Cloudera is a company that empowers people to transform complex data into clear and actionable insights. They are seeking a Staff Software Engineer to lead the architecture and delivery of their cloud-native AI platform, optimizing how they run and manage open-source models using Kubernetes-native patterns and ensuring the integration of AI capabilities for enterprise use.
Responsibilities:
- Design and implement elegant, scalable application services (Go/Node.js) that wrap AI capabilities for enterprise use
- Lead the deployment of inference servers (vLLM, Triton) using KServe, KubeRay, or Knative to ensure serverless-style scaling for AI workloads
- Build internal tooling, SDKs, and "AI Gateways" that enhance team agility and simplify the integration of Foundation Models (Llama, GPT) into product features
- Architect robust Retrieval-Augmented Generation (RAG) pipelines and prompt management services that integrate seamlessly with vector databases and enterprise data sources
- Partner with UI engineers, UX designers, and Product Management to ensure the AI platform is not just powerful, but highly usable for internal developers
- Ensure AI workloads are secure, multi-tenant, and optimized for GPU resource scheduling (MIG, fractional GPUs) within Kubernetes
Requirements:
- Bachelor's degree with 6+ years of software engineering experience (or equivalent Masters/PhD tenure), with at least 2+ years focused on AI/ML systems
- Expert proficiency in Python (for AI ecosystem) and strong competence in a systems language like Go or Rust/C++ (for high-performance serving layers)
- Deep understanding of LLM deployment challenges and runtimes (e.g., vLLM, ONNX, TorchServe, Triton)
- Familiarity with quantization techniques (AWQ, GPTQ) to optimize model size/speed
- Experience building complex workflows using tools like LangChain or LlamaIndex, and deploying them on containerized infrastructure (Docker/Kubernetes)

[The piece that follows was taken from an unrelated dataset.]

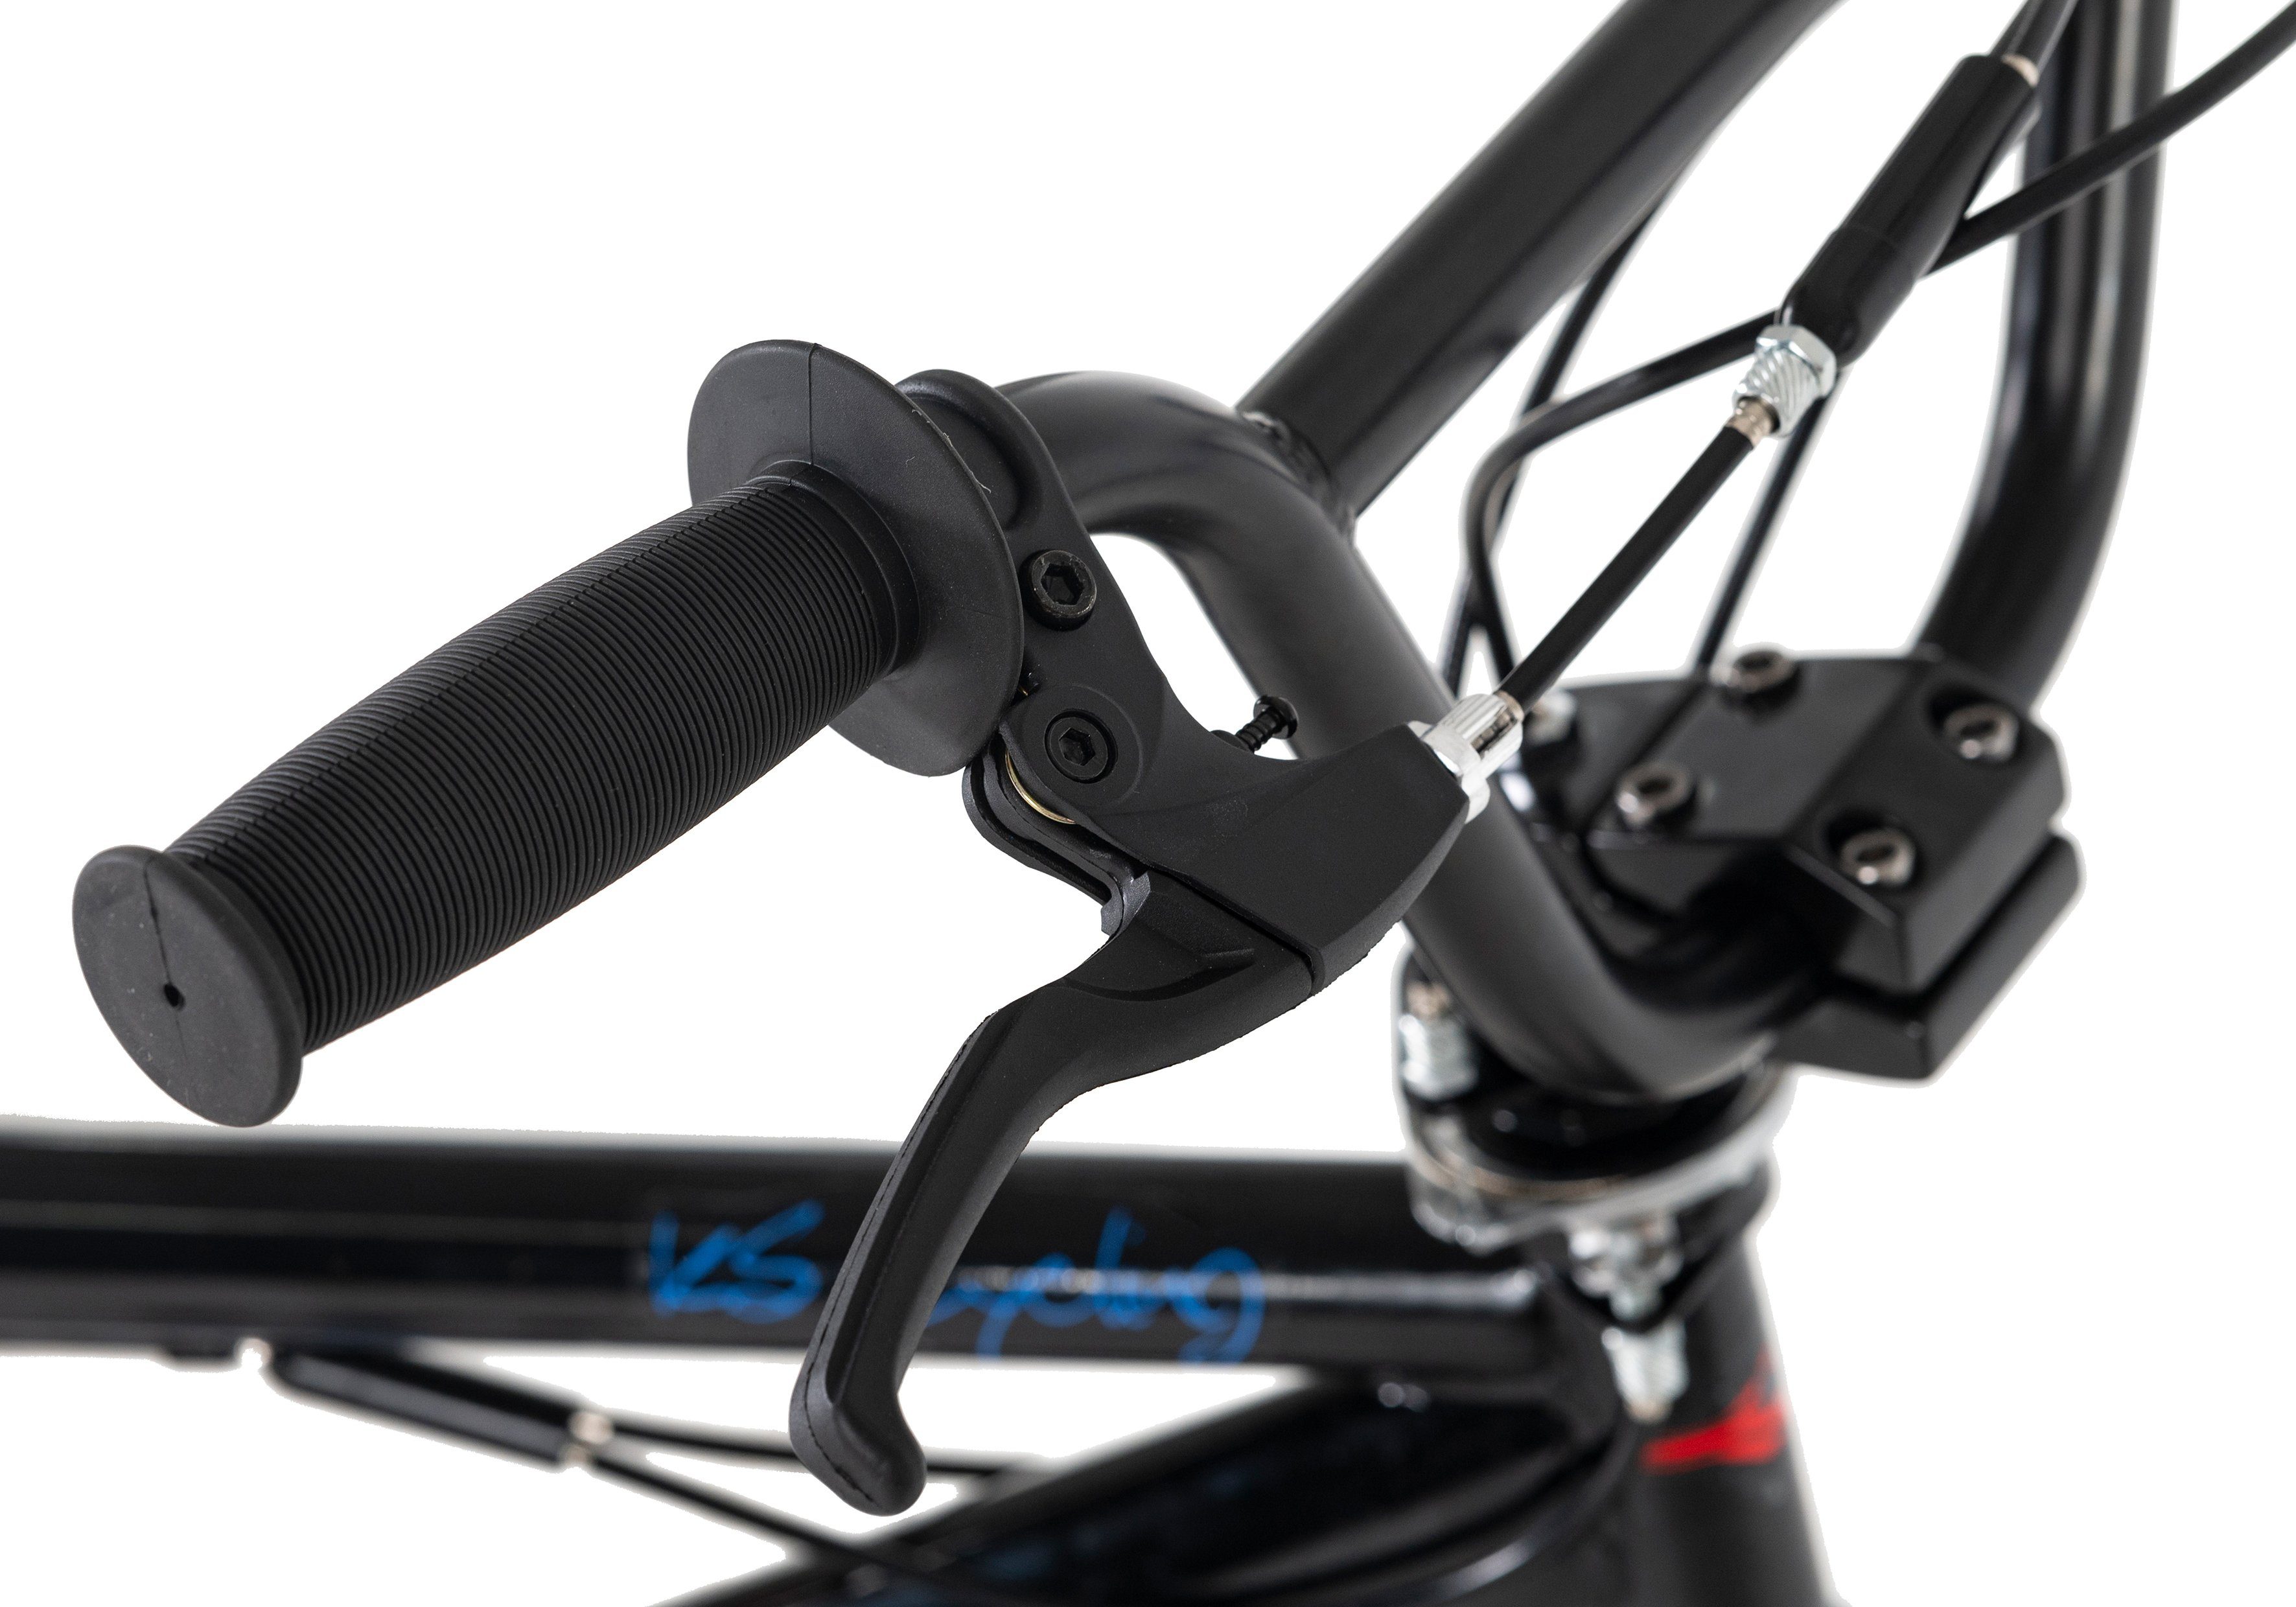 Cycling KS 1 BMX-Rad ohne Gang, Rise, Schaltung

- Ability to navigate the rapidly changing AI landscape, filtering hype from practical engineering solutions, and driving technical alignment across teams
- Model Fine-Tuning: Experience with efficient fine-tuning techniques (PEFT, LoRA/QLoRA) on custom datasets
- GPU Optimization: Familiarity with CUDA programming or profiling GPU performance (Nsight systems)
- Open Source: Contributions to open-source AI projects (HuggingFace transformers, vLLM, etc.)